This is a simplistic but general-purpose cross-validation module.
Consider solving the noisy linear system y = H x + n
. You receive multiple
observations {y_i}, i=1..M
and you must reconstruct x
.
Write a simple minimum-norm estimator as follows:
def mne(training_data, lamdas, params, state=None):
(H, ) = params
(lamda, ) = lamdas # This estimator takes only a 1-D lamda
# State is used to avoid re-computing data that is common across runs
if state is None:
H_Hh = np.dot(H, H.conj().T)
b = training_data.mean(1) # Average training data
state = (b, H_Hh)
else:
(b, H_Hh) = state
A = (H_Hh + lamda * np.identity(H.shape[0]))

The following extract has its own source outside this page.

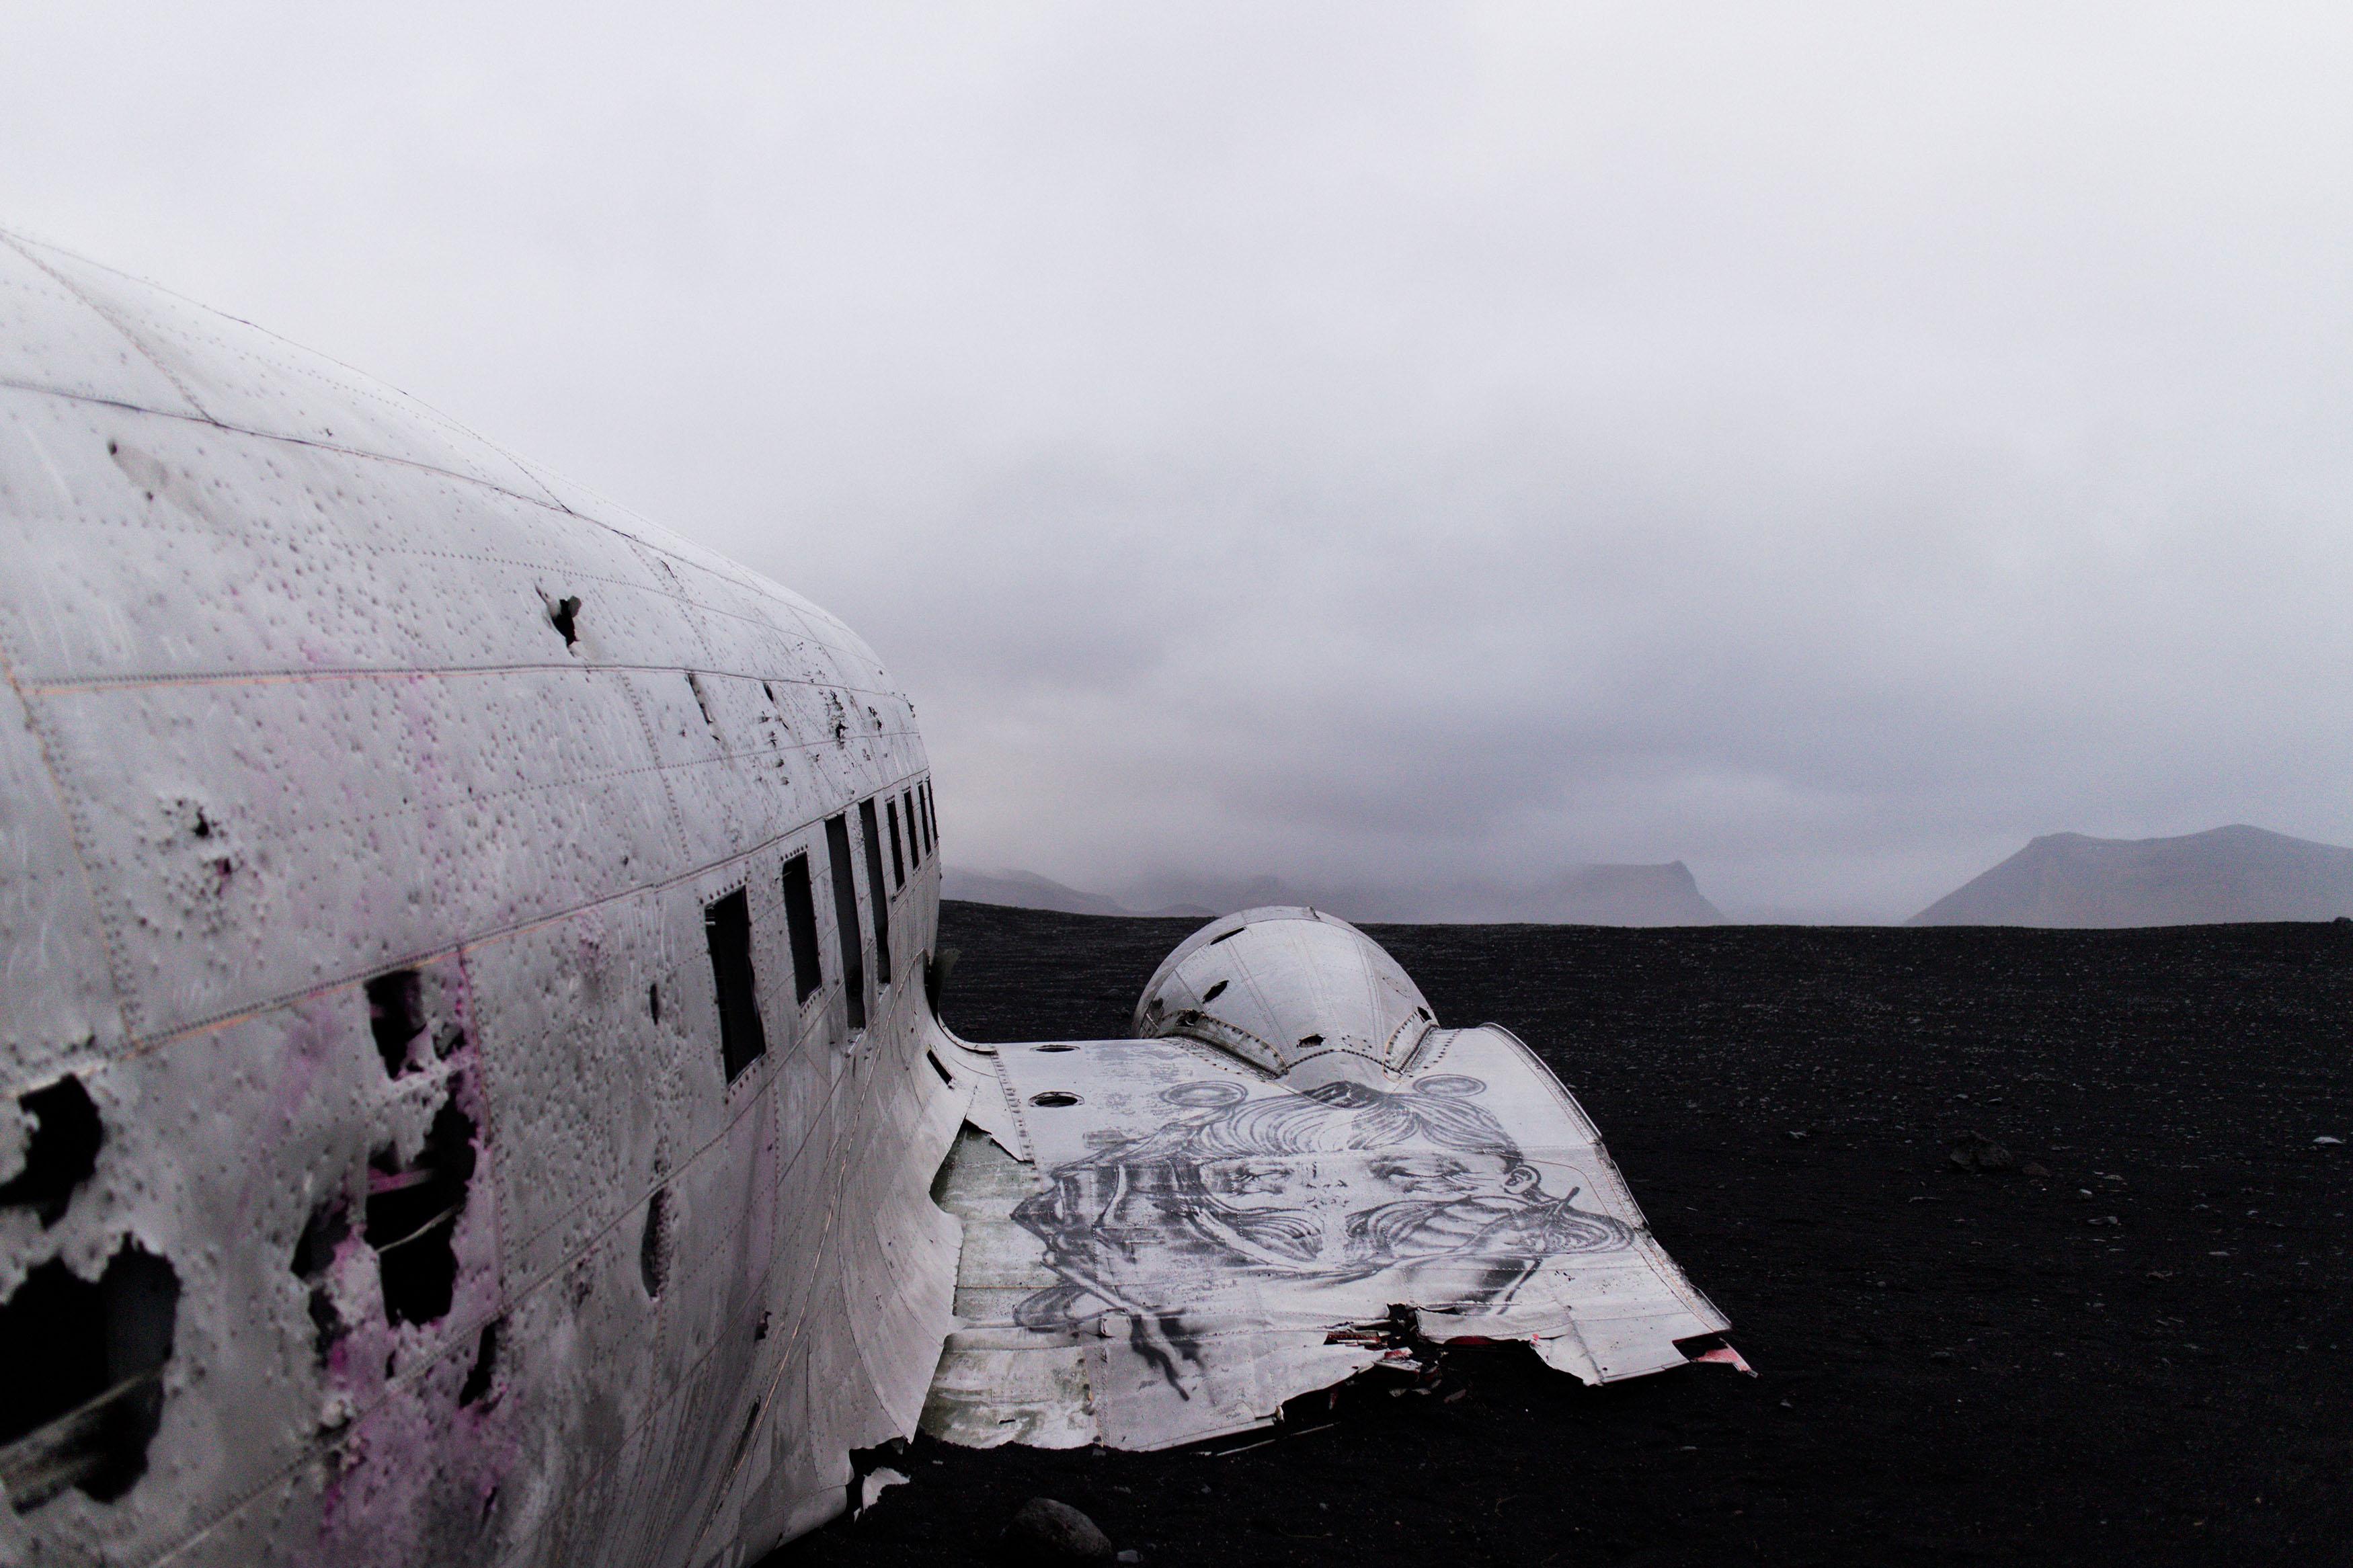 IHEARTALICE.DE – Fashion, Lifestyle & Travel-Diary by Alice M. Huynh from Berlin/Germany: Iceland Travel Diary / Black Sand Beach / Dc-3 Plane Wrackage on Sólheimasandur

x_hat = np.dot(H.conj().T, la.solve(A, b))
return (x_hat, state)
Say you want to use single-fold cross validation (i.e. plain old validation).
Ready your data splitter and your parameter space:
lamdas_mne = np.array([exponent * mantissa
for exponent in np.logspace(-10, -3, 8)
for mantissa in np.arange(1, 10)])
data_splitter = SingleFold(num_data, num_train)
Define the loss-function that describes how to evaluate the output of the estimator against the testing data
def error_l2(test_data, x_hat, lamdas_list, error_fn_params):
"""
Computes mean L2 norm error against test data
"""
(H, ) = error_fn_params
y_hat = np.dot(H, x_hat)[:, np.newaxis, :]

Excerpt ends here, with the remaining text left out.